▶ **Task description**
Everything from the line with "dorothy perkins navy heels" down to the line with "Heinrich Böll, Schriftsteller" below must be printed exactly, those two lines included. Exclude pictures.

▶ **Information shown**

- - - - - - -

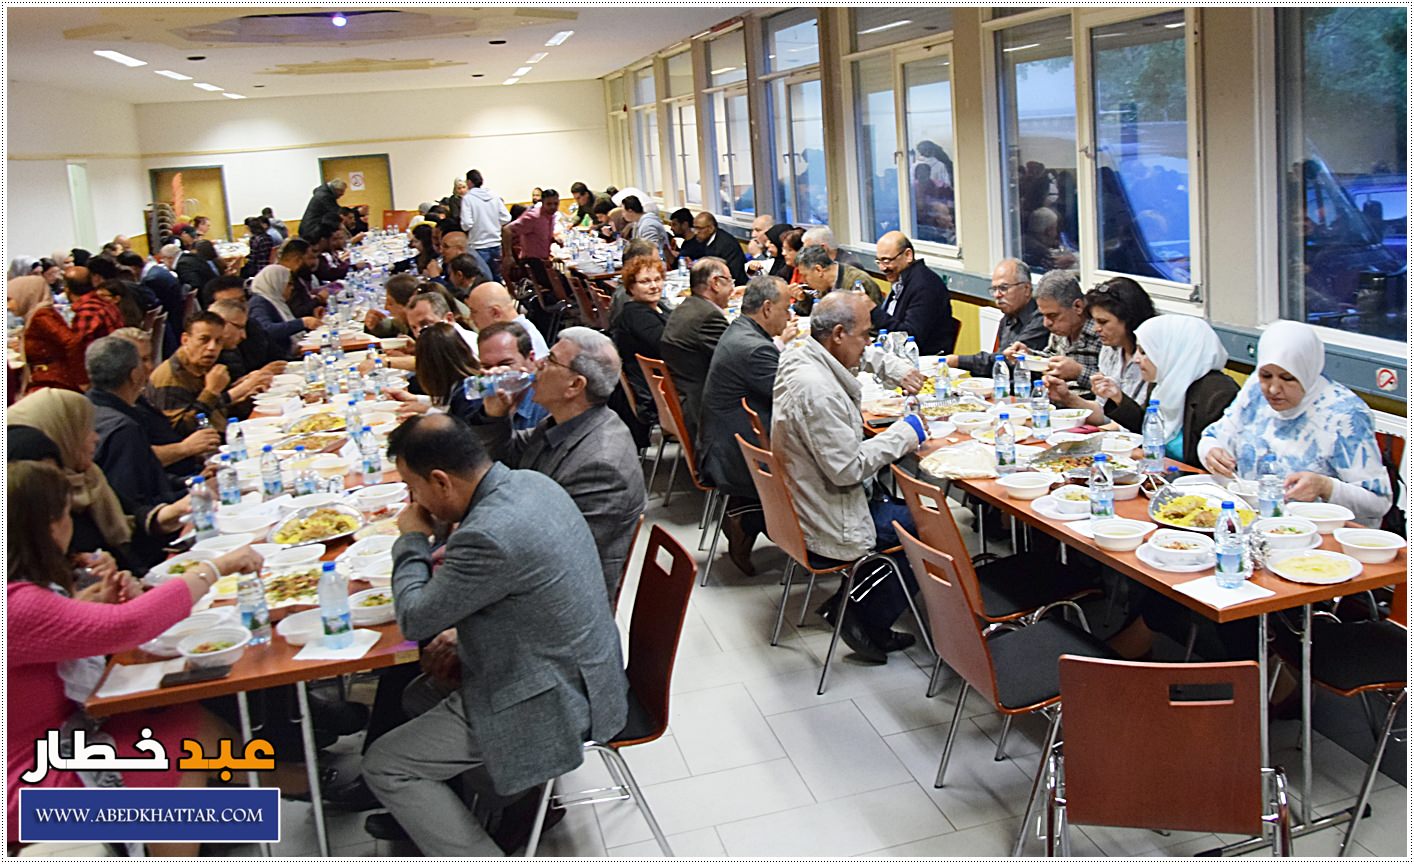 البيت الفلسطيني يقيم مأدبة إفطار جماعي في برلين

- - - - - - -

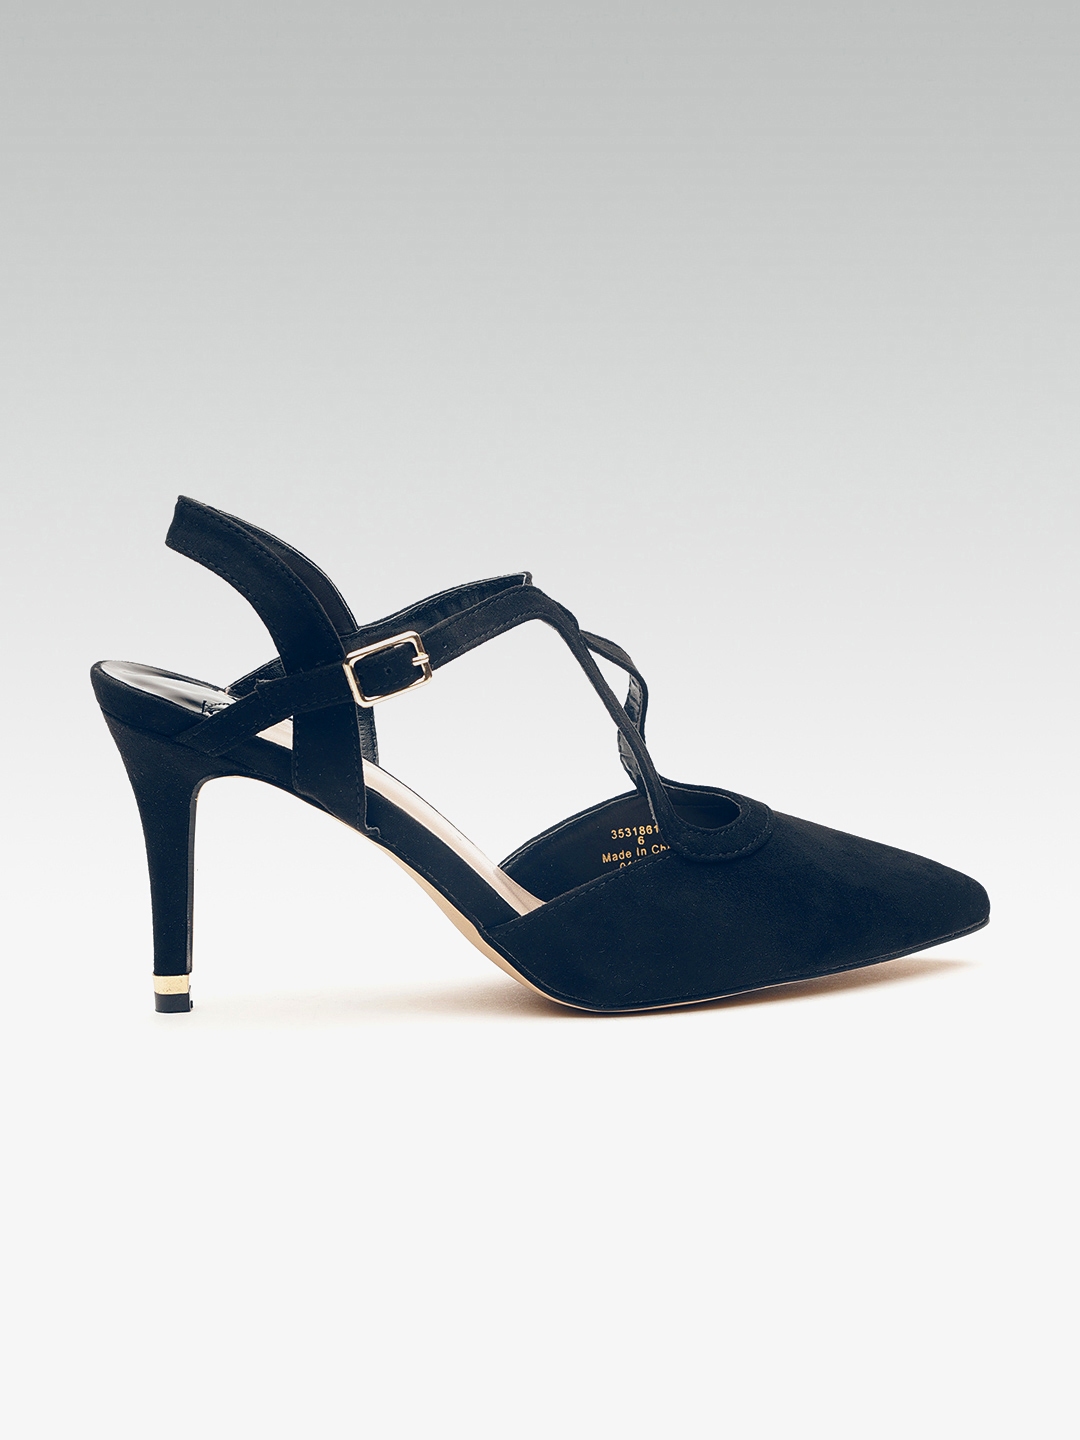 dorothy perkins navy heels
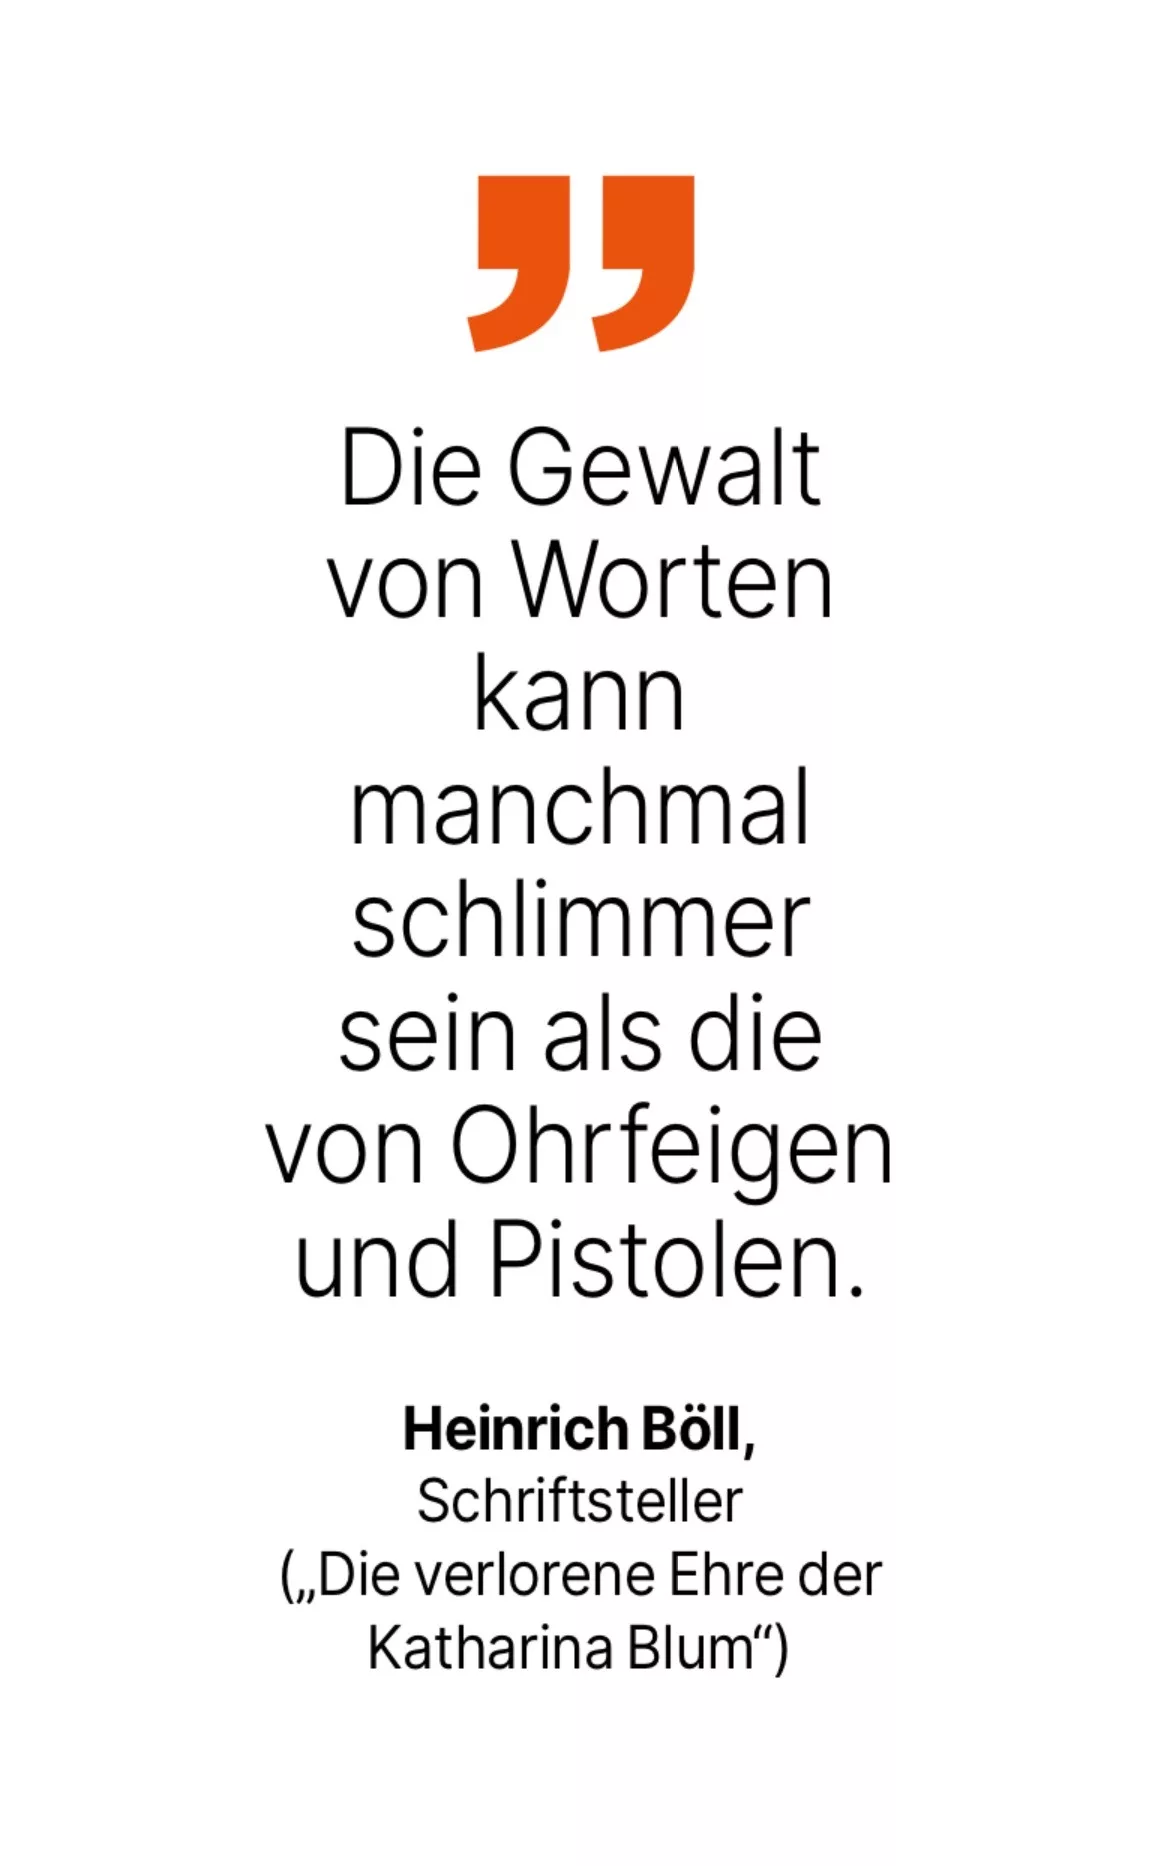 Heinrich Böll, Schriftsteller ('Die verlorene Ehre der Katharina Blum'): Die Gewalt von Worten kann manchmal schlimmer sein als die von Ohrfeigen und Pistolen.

- - - - - - -

▶ **Result for this task**
 dorothy perkins navy heels
 Heinrich Böll, Schriftsteller ('Die verlorene Ehre der Katharina Blum'): Die Gewalt von Worten kann manchmal schlimmer sein als die von Ohrfeigen und Pistolen.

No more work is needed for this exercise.